2. The care funding 'floor' has been raised to £100,000

Currently if you have more than £23,500 in assets in England you are responsible for all care costs.  Under the current plans this is increased to £100,000. 

The good news is that people get to keep more of their assets at the point they become eligible for care funding support.

However, anyone with assets between £20k – £100k will still have to contribute the “tariff income” of approximately £200 per week, depending on the amount of assets owned.

3. Means tested support will be available for those with assets between £20k - £100k

Anyone with assets between £20k – £100k will be eligible for some means tested care support from the local authority. Essentially more people will get to keep more of their assets, and be eligible for care support because the threshold has been raised to £100,000; more people will not have to run their assets down below £100k before becoming eligible. 

4. No-one with assets below £20,000 will pay for their care

*Those with the least in assets will not need to pay for any of their care. 

The kicker here is that if people with no assets but income (pension etc), will pay the tariff income contribution.

Implications of these proposals

When Sir Andrew Dilnot first brought in his social care reform proposals a decade ago one of the fundamentals was creating a link between means tested care and the care cap;  ie local authority funded care should be included to some degree in any care cap calculations. This has now been de-linked under the current proposals.

What does de-linking means tested care from the new £86k care cap mean?

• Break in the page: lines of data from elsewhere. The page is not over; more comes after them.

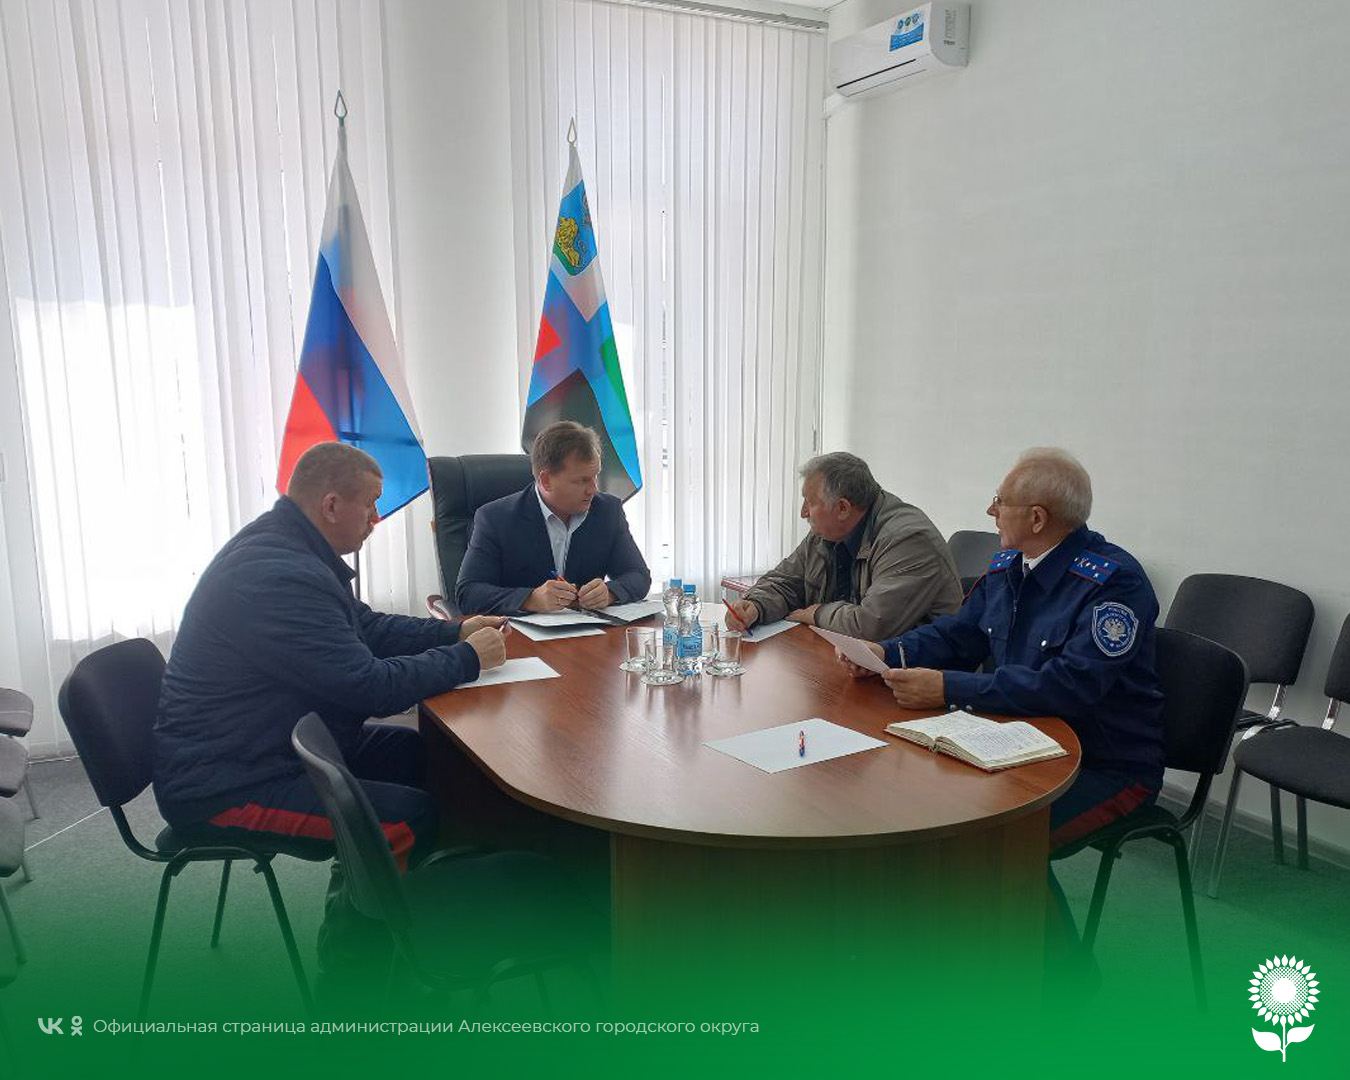 Сегодня в общественной приёмной Губернатора Белгородской области в Алексеевском городском округе состоялась рабочая встреча
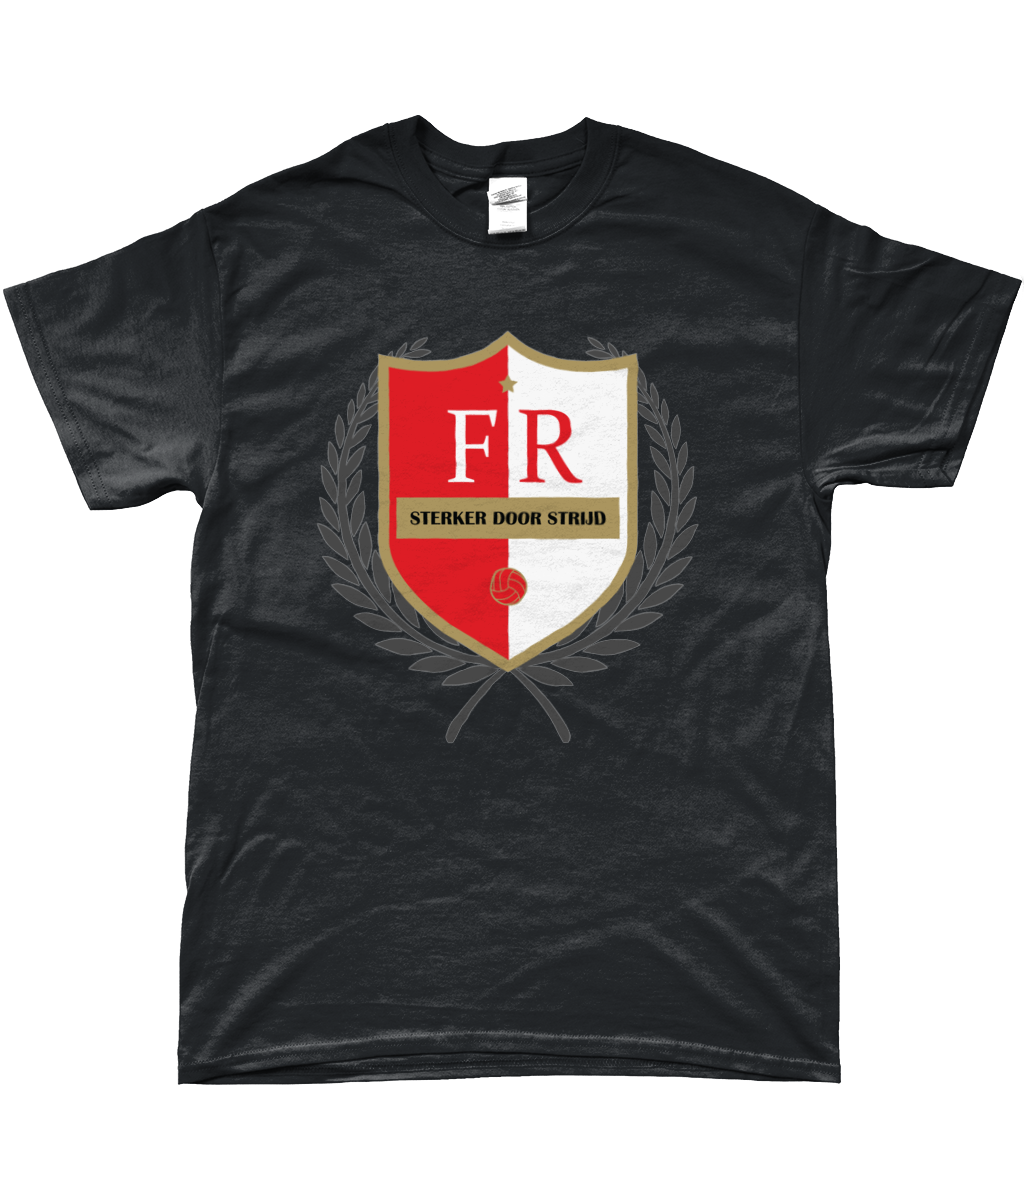 Feyenoord - Sterker Door Strijd T-Shirt
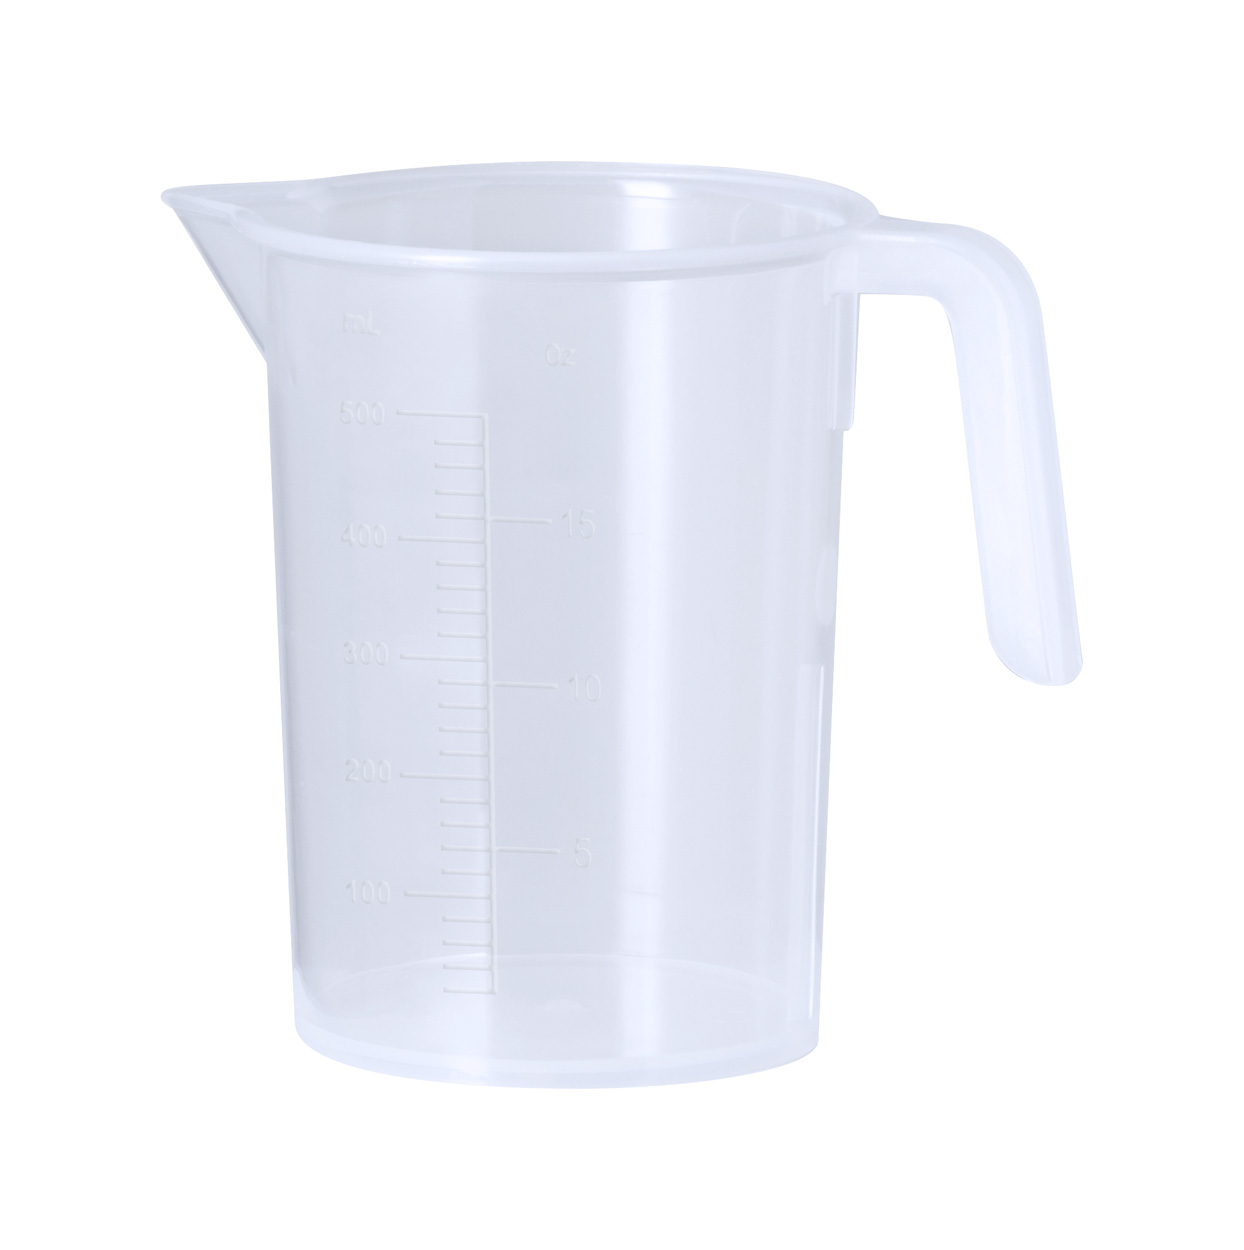 Ladex measuring cup - Transparente
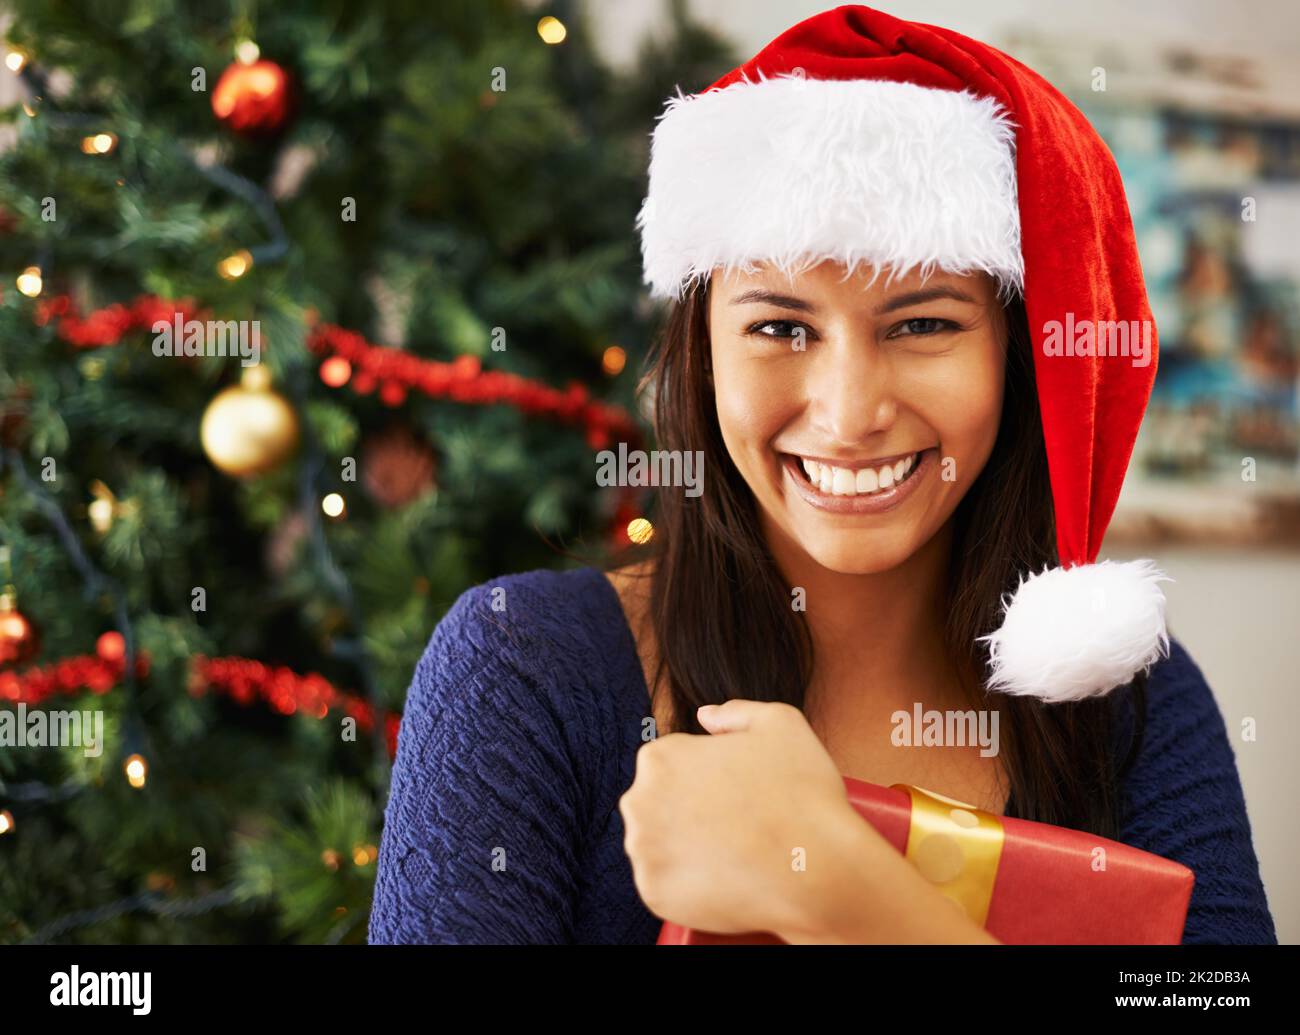 Devo aprirne uno ora. Ritratto di una giovane donna tenere un regalo di Natale. Foto Stock
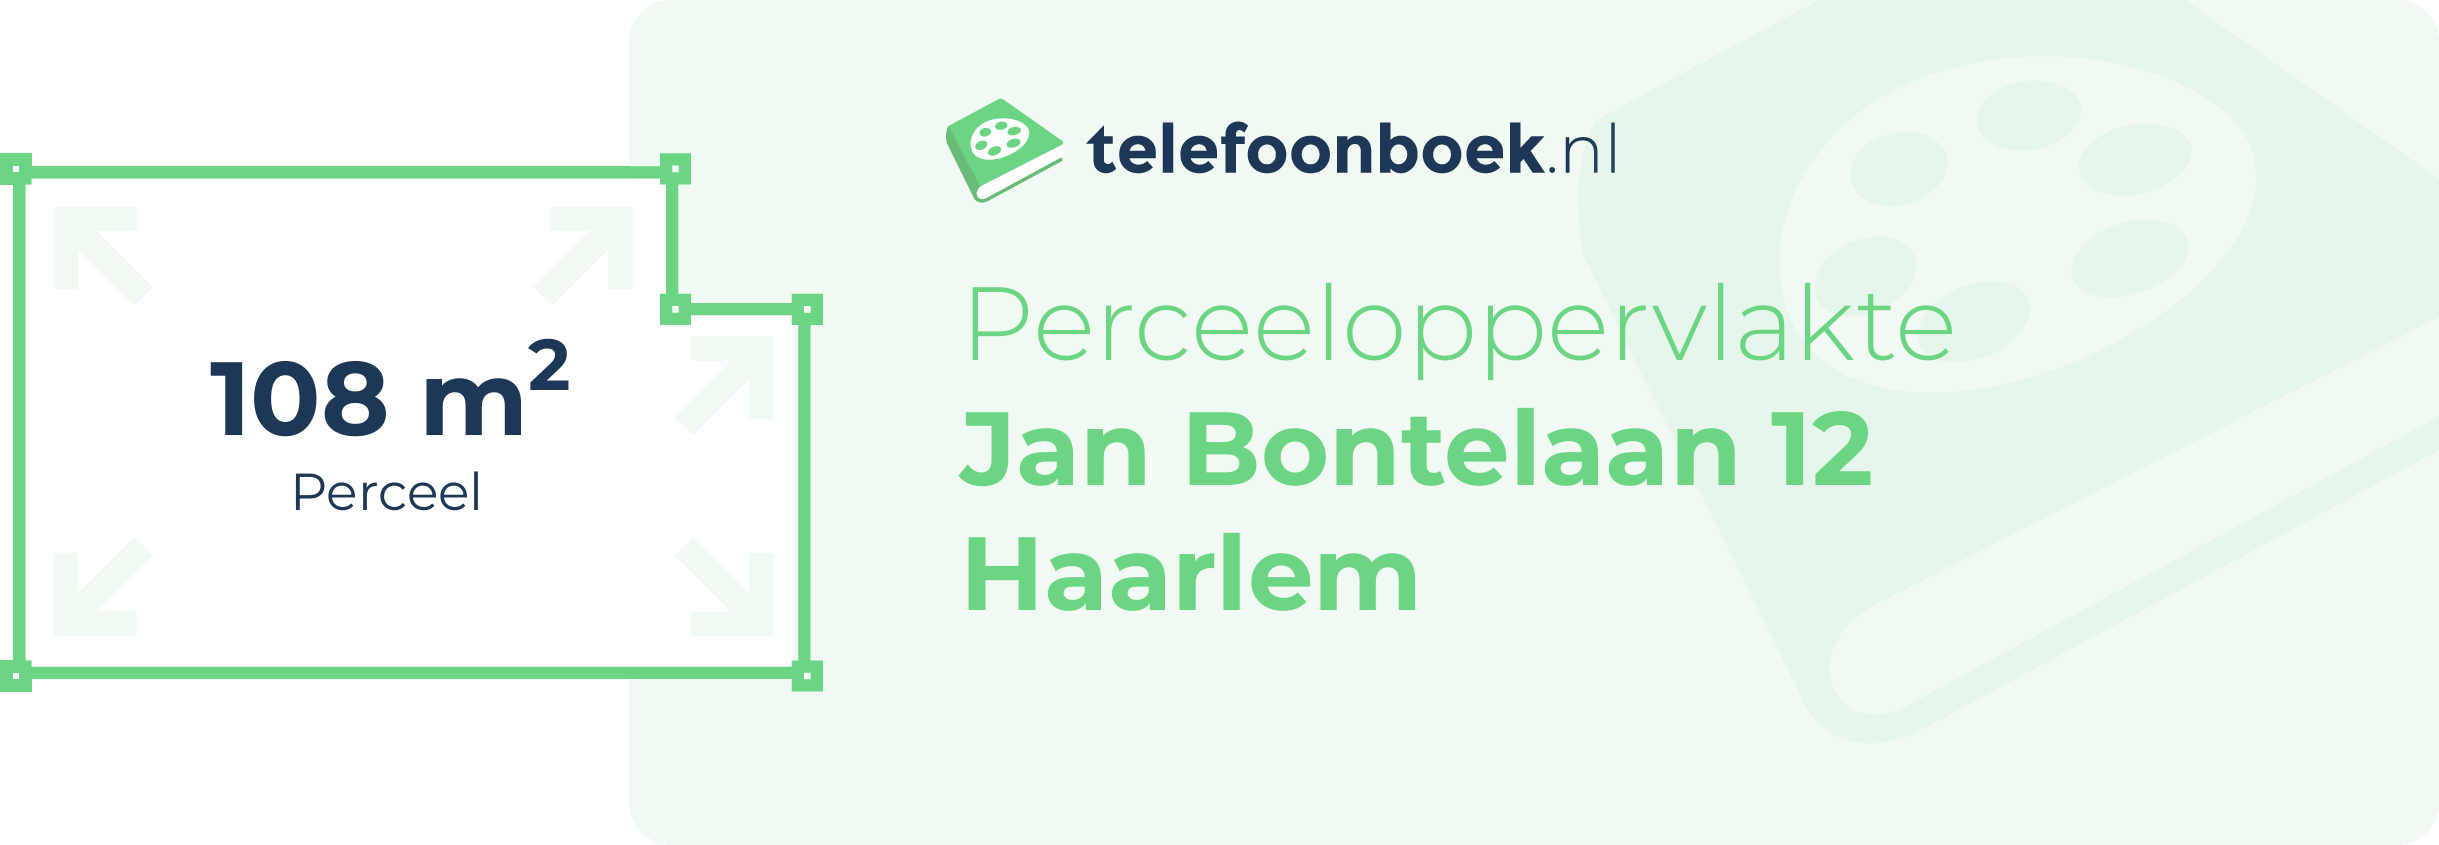 Perceeloppervlakte Jan Bontelaan 12 Haarlem

“if you’ve got more, you keep more” because the £86,000 is a fixed amount for everyone with £100k plus in assets. In practice this plays out as follows:

If you own a home worth £750,000 and you spend on privately funded care to the £86k cap – you are left with £664,000.

If you own a home worth £100,000 and you spend on privately funded care to the £86k cap – you are left with £20,000 (£20k because this is the minimum below which no-one needs to pay for their care).

The £86,000 is not proportional to individual assets, what you own, and aside from “the more you have, the more you keep” implication, there will likely be some people who will still need to sell their homes to pay for care. (If there is a remaining partner or spouse living in the home, then it is not included in the care cap calculations).

Care homes charge higher rates to private funders for the same room and service that they charge for local authority funded places. People will still, on current information available, continue to have to pay any “top up” fees to remain in that care home once past the £86k threshold. Ie if your personal choice is to remain in a more expensive care home than one which the local authority would pay for, then you will have to pay the difference in the costs in order to stay there.

The less you have the longer you pay

A slightly separate argument, but also important, particularly for financial planning purposes:

If you are privately paying the full £860 per week for care, then you will reach the care cap of £86,000 in 100 weeks (just under 2 years);

If you are part paying contributions towards the £860, with other contributions from the local authority to make up the total then it will take proportionately longer for you to reach the £86,000 care cap figure.

So, whilst the numbers don’t change, it comes down to timing and planning to reach the £86,000 care cap.  It could mean someone deciding to refuse means-tested care and running down their assets* that  to reach the cap faster, or to hit the funding floor of £20,000 more quickly. 

*this is known as deprivation of assets – something the local authority will penalise if it is found to be deliberate. 

What happens next?

The Govt. put the plans on hold, with a vague date of 2025 for their introduction.  It’s a game of wait and see unfortunately.  

The Age Space view

The burden of social care funding remains on the individual and the family, particularly as dementia care is still not funded by the NHS in the same way as other diseases/conditions. The care funding cap is progress, but without a link to means-testing it is not proportional to the assets individuals have, not a fixed rate for all.  And, things like the tariff income, care home top-up fees are all important parts of the whole…one size of cap certainly doesn’t fit all.